A look through the UBC Sexual Health Research Lab website shows that their inclusion criteria varies greatly across studies. Dr. Brotto refers to their research as being on a ‘continuum’, where some studies are specific about genital anatomy; some only require participants to be self-identified women; and some are open to anyone, regardless of gender, sex, or sexual orientation.
“Our research [at the UBC Sexual Health Research Lab] is first and foremost on women’s sexual health, and we’re not ready to abandon that in the same way that WHRI and BC Women’s Hospital are not ready to abandon the ‘W’,” Dr. Brotto explains. To guide decisions about where it’s appropriate to expand inclusion criteria, she suggests going back to the study’s aims and methodology and considering how sex and gender actually fit within them.
“Sometimes inclusion/exclusion criteria have to map directly onto the research question and measures and instrumentation that we have,” she explains, referencing some of her lab’s studies that look at sexual psychophysiological response as a main outcome. In those cases, genital anatomy is an important criterion, as a vaginal photoplethysmograph can only be used with individuals who have a vagina. But, for studies where anatomy is not important, Dr. Brotto emphasizes that they have taken measures to ensure that criteria are as inclusive as possible.
“It’s simply not okay to just be doing binary, exclusive research.”

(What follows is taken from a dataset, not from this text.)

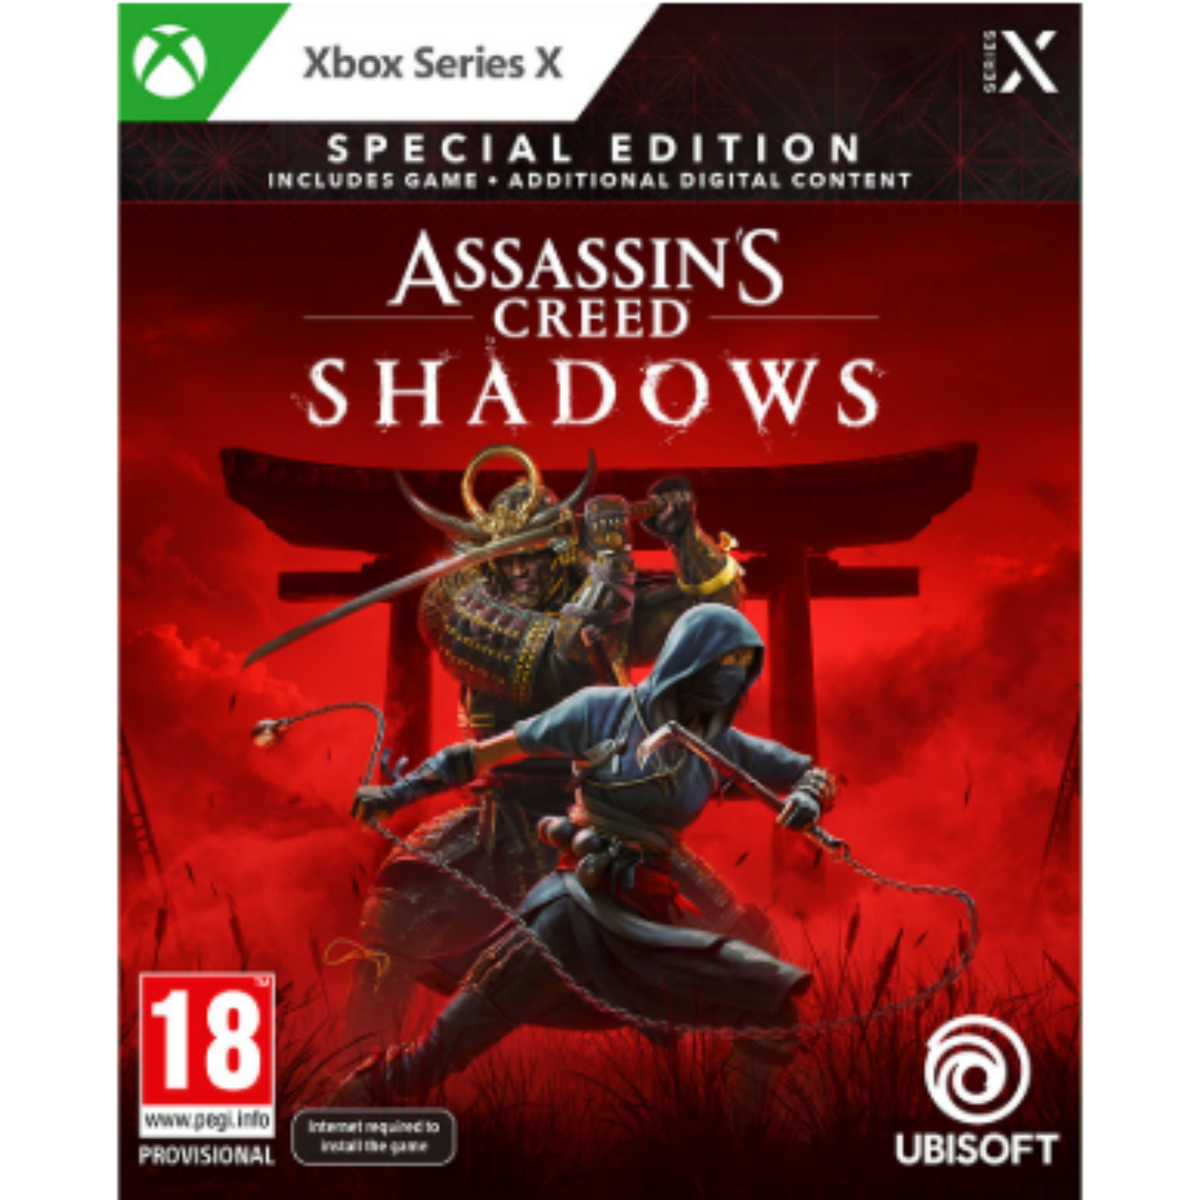 Assasins Creed Shadows Edition for Xbox

To facilitate a more inclusive approach to research, Dr. Brotto also looks to a community advisory board for input. The group was initially formed in response to online criticism toward her lab’s binary approach to research on asexuality. She recognized this as an opportunity for a collaborative solution, and invited some of the people who spoke out to join her team.
“I don’t know that there is a suitable replacement [to an advisory board] when you want to understand the experiences of that group,” she says. “There are always ways to seek input from those representatives.”
If you are stuck wondering how to form an advisory board, Dr. Brotto suggests reaching out to your academic societies. For example, the Canadian Psychological Association has a section dedicated to LGBTQ Psychology and Practice in Canada, which could be a great starting point for advice and resources for researchers in that field. The BC Support Unit can also be a wonderful resource.
Working toward inclusive research means interrogating every step of the research process, from study design and recruitment, through to knowledge dissemination and implementation. Dr. Brotto suggests that research institutes – like WHRI – could work to develop a registry of people who might be able to work on advisory boards to help guide some of these decisions.
“I could take it a step further and say that the onus should be on our funding bodies…I’d love to see CIHR start to require – where possible, and where appropriate – steps toward oversampling, for example. And I’d like to see journal editors similarly prioritizing the papers that do that, and no longer rejecting papers because they have a large sample of cis people and only five non-cis people…It’s not okay. It’s unethical.
“We’ve got a long way to go, but if it is enforced by some of those sources – like where we publish, like where we get money from – then maybe researchers will start to take it a bit more seriously.”